Neo-Avant-Gardes: Post-War Literary Experiments Across Borders | Leonardo/ISASTwith Arizona State University

Neo-Avant-Gardes: Post-War Literary Experiments Across Borders

Neo-Avant-Gardes: Post-War Literary Experiments Across Borders
Bart Vervaeck, Editor

Edinburgh University Press, Edinburgh, Scotland, 2021
424 pp. Trade, eBook, and PDF, $165.00
ISBN: 978-1-4744 8609 5; ISBN: 978-1-4744 8611-8; ISBN: 978-1-4744-8612-5.

Reviewed by: 
Robert Maddox-Harle
June 2022

This is a very well written and researched book. Considering the theoretical complexity of certain sections of the book, each chapter without exception is highly readable, interesting, and enlightening. There are two parts: Part 1, Concepts, Genres and Techniques this has 10 chapters each written by scholars with in-depth knowledge of post-war neo-avant-garde history, focusing on conceptual issues, matters of genre, and technique. Part Two, Movements and Authors has 11 chapters looking a little more at individual authors and the movements they belonged to, as an example Chapter 12, The Neo-Avant-Garde in Latin America: The Case of Mario Bellatin.

A book of this size, already 424 pages, cannot be expected to be totally comprehensive, as the introduction notes: “...this book is not to be read as a representative, let alone exhaustive, form of historiography, but rather as an intervention, aimed at prompting a new paradigm in literary historiography” (p.3).

Recognising the confrontational nature of the historical avant-garde, Dada, Surrealism, and so on, the neo-avant-garde is seen by a number of authors as a sort of ‘watered down version’ of the historical phenomenon. Because as the confrontational and ‘new’ gains acceptance and becomes institutionalised it loses its critical powers, as an example Duchamp’s (in)famous Urinal. “Silverberg claims that the neo-avant-garde’s challenge goes beyond the level of institutional critique to the more general level of ideology critique” (p. 11).

The nature of the avant-garde, neo or historical, is to question the accepted status quo of literature and art, produce works which ‘shock’ the public and critics, challenge the validity of authorship, and reject the commodification of their creations. These concerns are discussed in detail throughout the book. As an example of this, in my opinion, clear-headed critique, Jan Baetens in his chapter In Praise of Hybrid Purity: Nomadism and Pierre Joris states, “On the one hand, it is definitely non-nomadic to try to exert too tight a control on the way text will be read. On the other hand, however, only the initial understanding of the text will allow the reader to continue beyond where the author and text cease” (p. 117).
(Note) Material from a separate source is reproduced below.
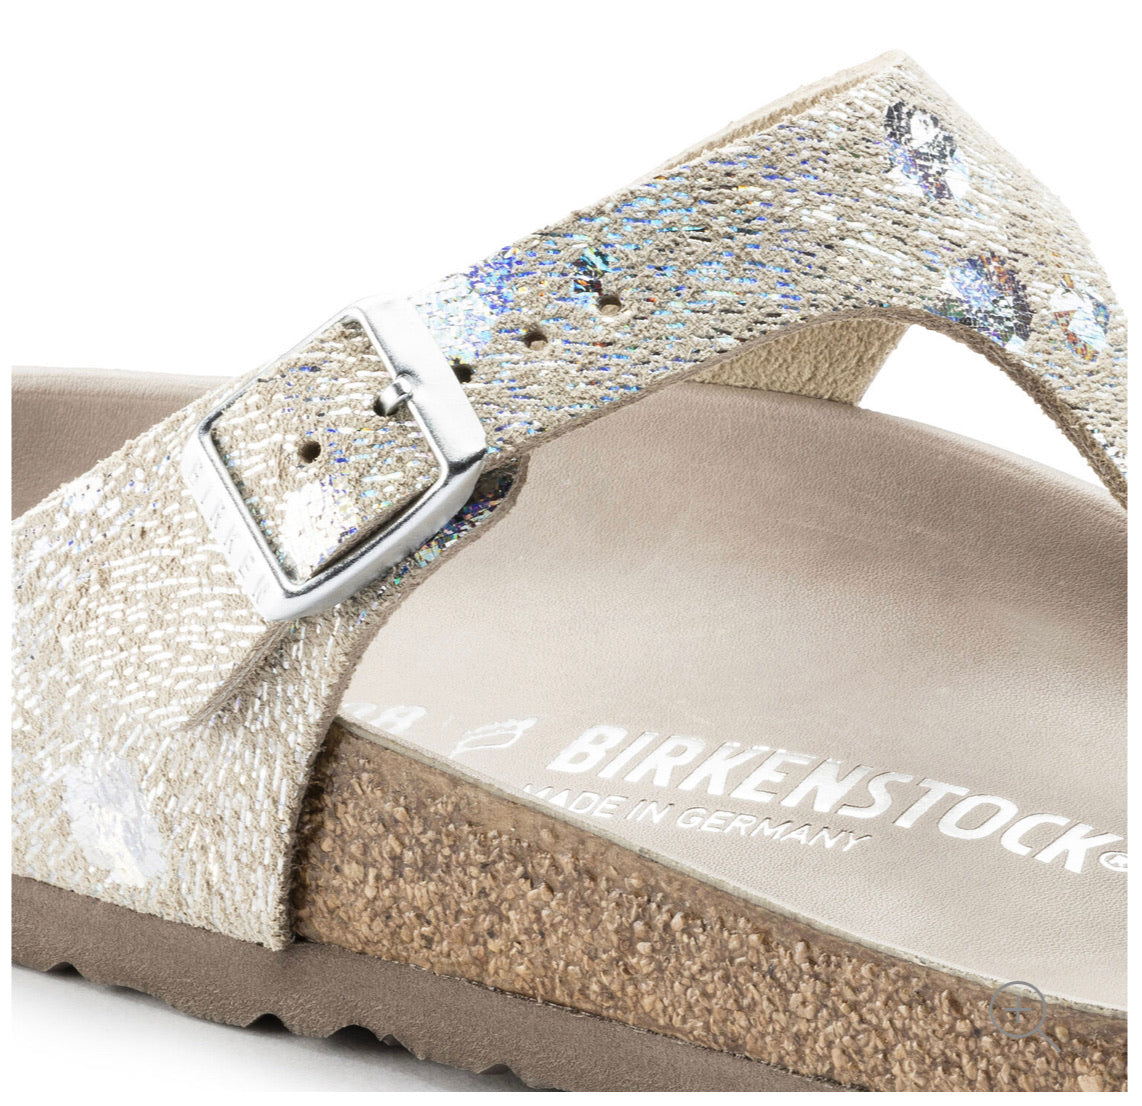 Birkenstock Gizeh Spotted Metallic Silver Leather Made In Germany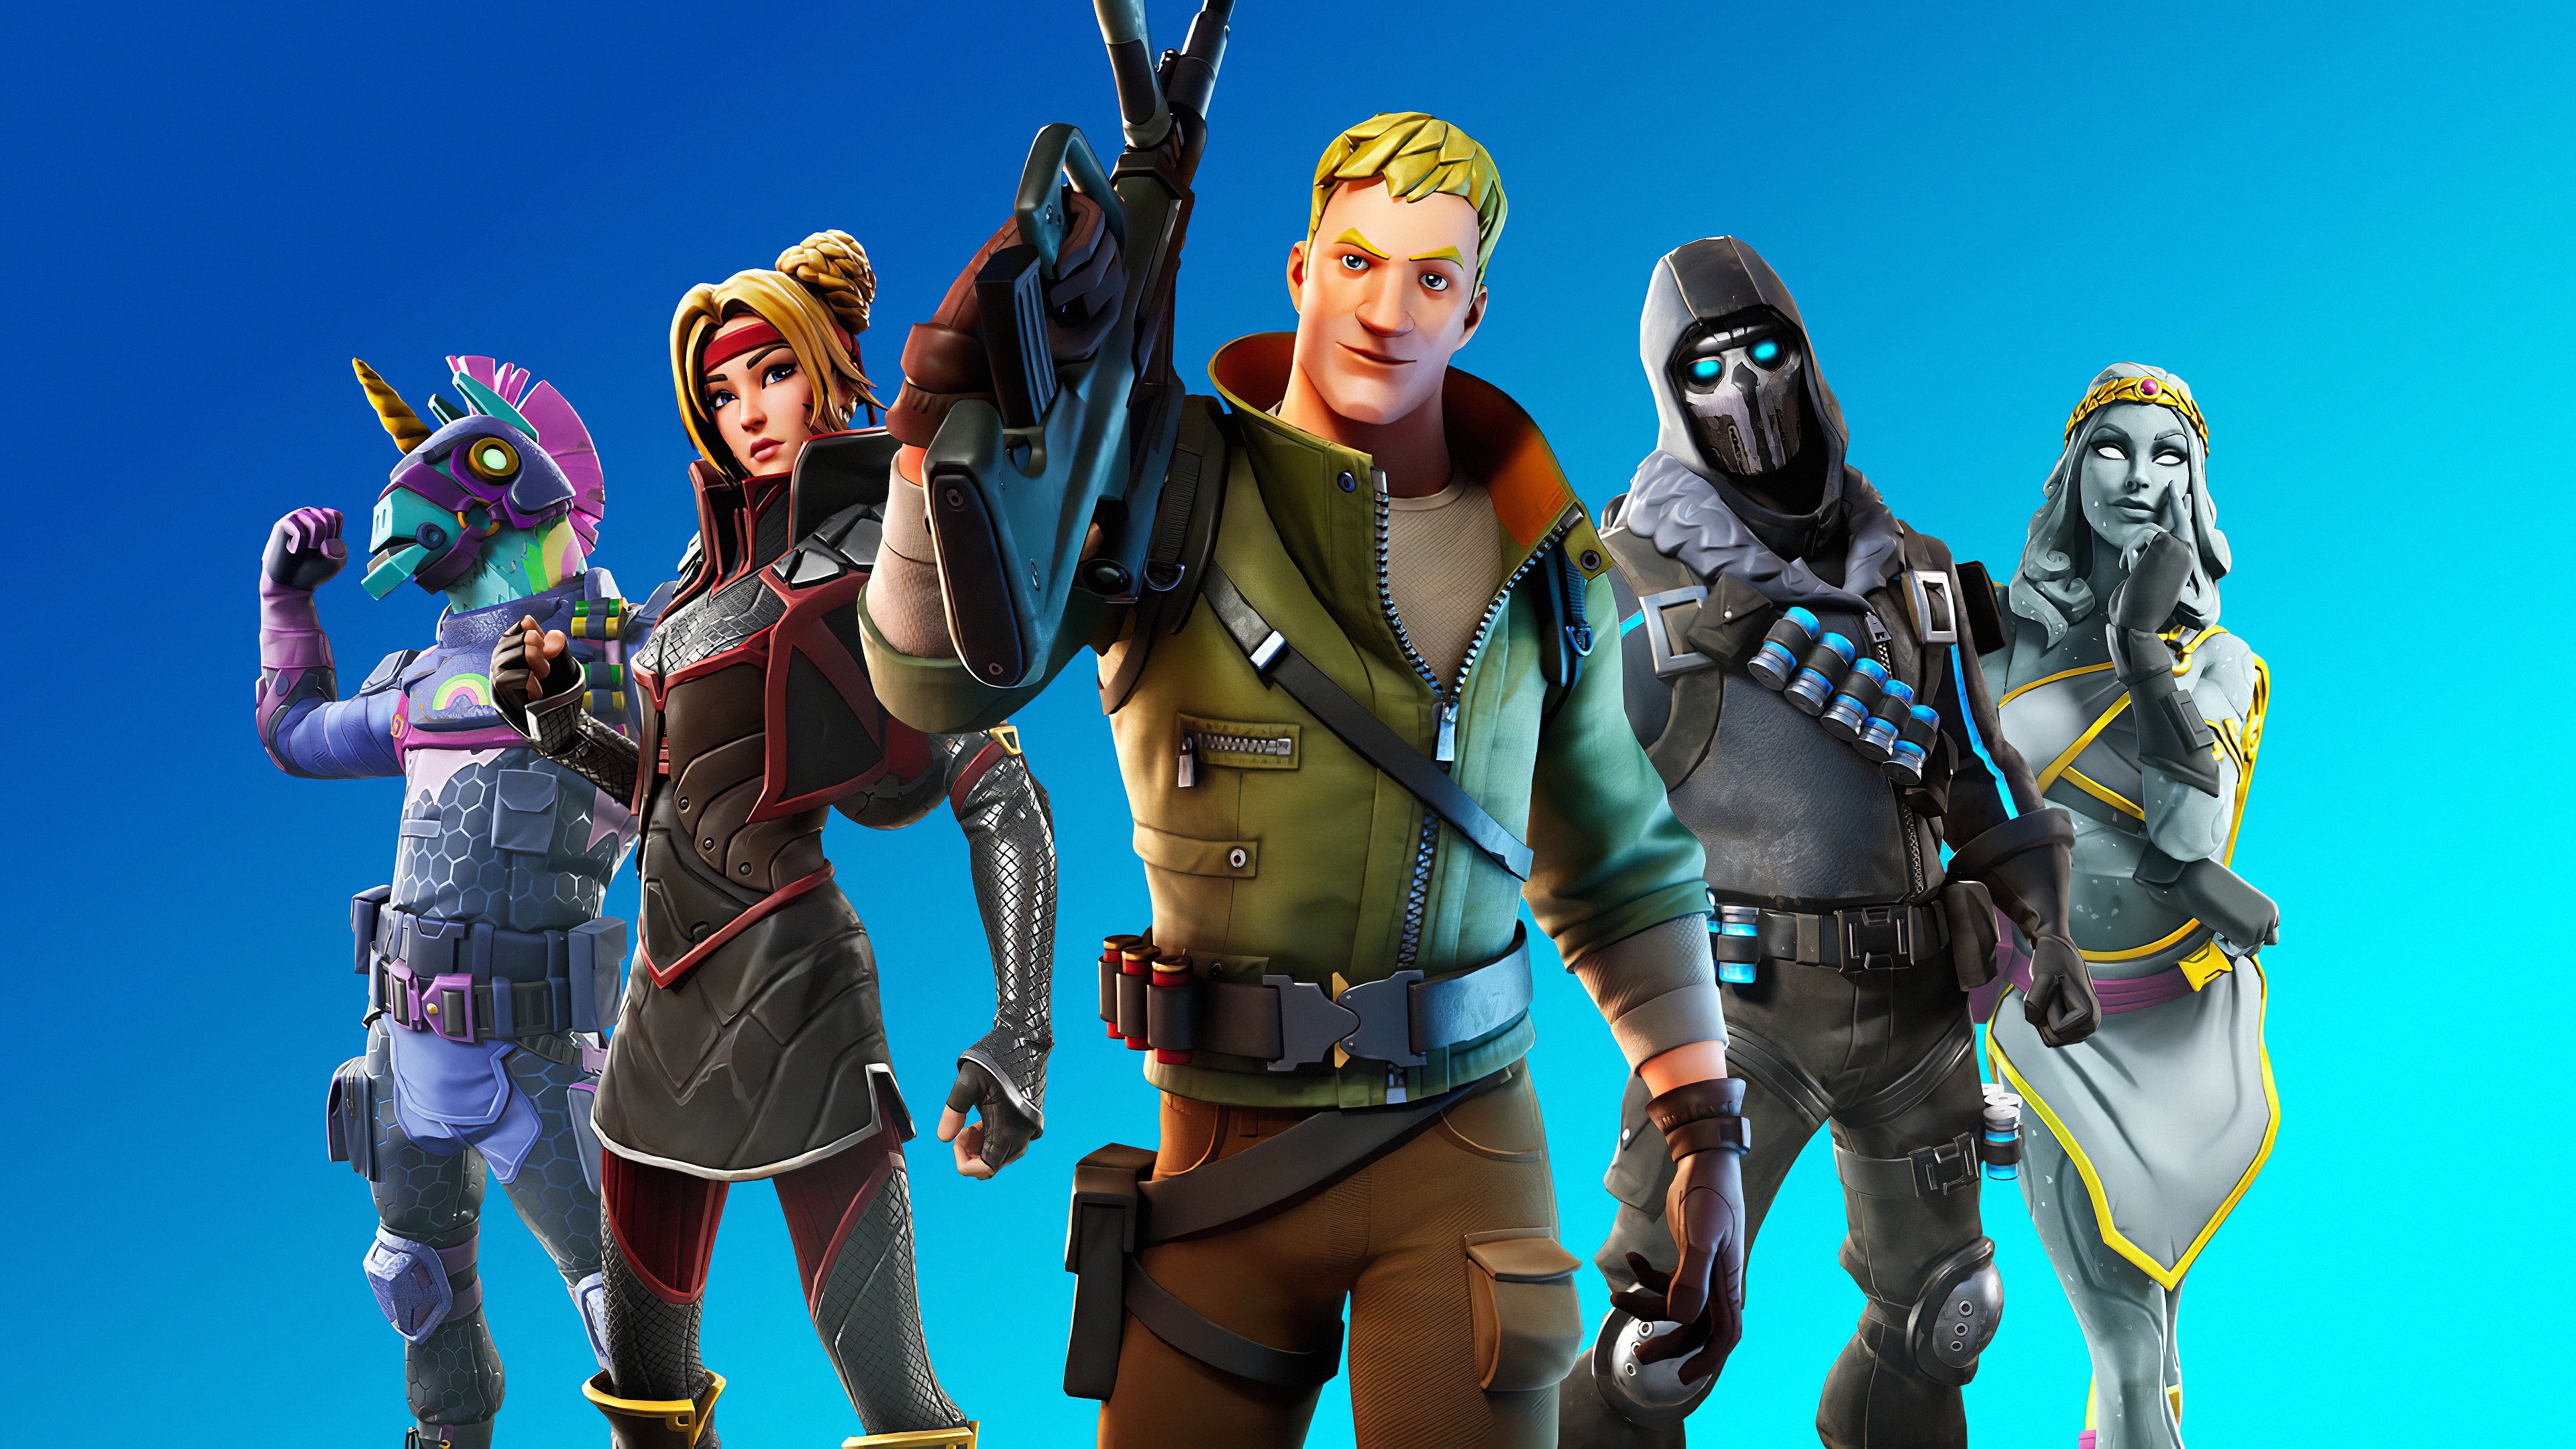 Fortnite Group Wallpaper, HD Games 4K Wallpapers, Images, Photos and

This to me is a very important point to understand!

The book seems to provide a balanced approach to the discussion of just what was the historical avant-garde, what validity, if any, did the neo-avant-garde have, especially throughout the “long-sixties”, and the difference between new experimental art and literature and a true neo-avant-garde?

This latter point is brilliantly analysed by Gaëlle Thëval in Chapter 7 Sound Poetry in France: A Neo-Avant-Garde? “The sound poet thus associates the avant-garde not only with the idea of a group, which he [sic] places in opposition to freedom, but also with the ‘ideology of progress’ and the presumption of originality (Foster 1996; 5), with the ideology of the tabula rasa and of leaving behind” (p. 151).

Then taking a different approach to this analysis we note, “Hence, for both critiques [sic] and artists, the point is no longer to reflect on the ‘successes’ or ‘failures’ of the avant-gardes, nor to construe the ‘novel’ as the only viable currency for poetic practice. Although those practices seem to reinstate the avant-garde notion that each new generation is a new ‘rupture’, the issue is to neither idealise the past (or to regain the prestige) nor to re-enact the postures of the avant-gardes, but to be in the hic and nunc” (p. 309).

I have a couple of minor criticisms of this book. Firstly, with the lack of examples of the literature being discussed; some chapters go on and on without one example of the actual poetry or prose being presented. Perhaps these could have been included in an Appendix, one exception to this is Chapter 13. Secondly, as a brief history of the neo-avant-garde, the book is highly successful, but the relevance of the neo-avant-garde to the first decades of the 21st century is highly questionable. That is, there appears to be no boundaries, no institutionalisation of art now, what is new and a ‘shock’ is now highly transient –“here today gone tomorrow”.

It seems that in the long sixties the “anything goes” concept was not valid, artists and writers challenged the status quo for sure but with a definite purpose, but now anything does go, critics and the public are well over shock values for shock value sake. The present state of much contemporary art and literature, not of a traditional nature, is caught up in the hopelessness of postmodern nihilism.

This is an interesting, challenging, and stimulating book.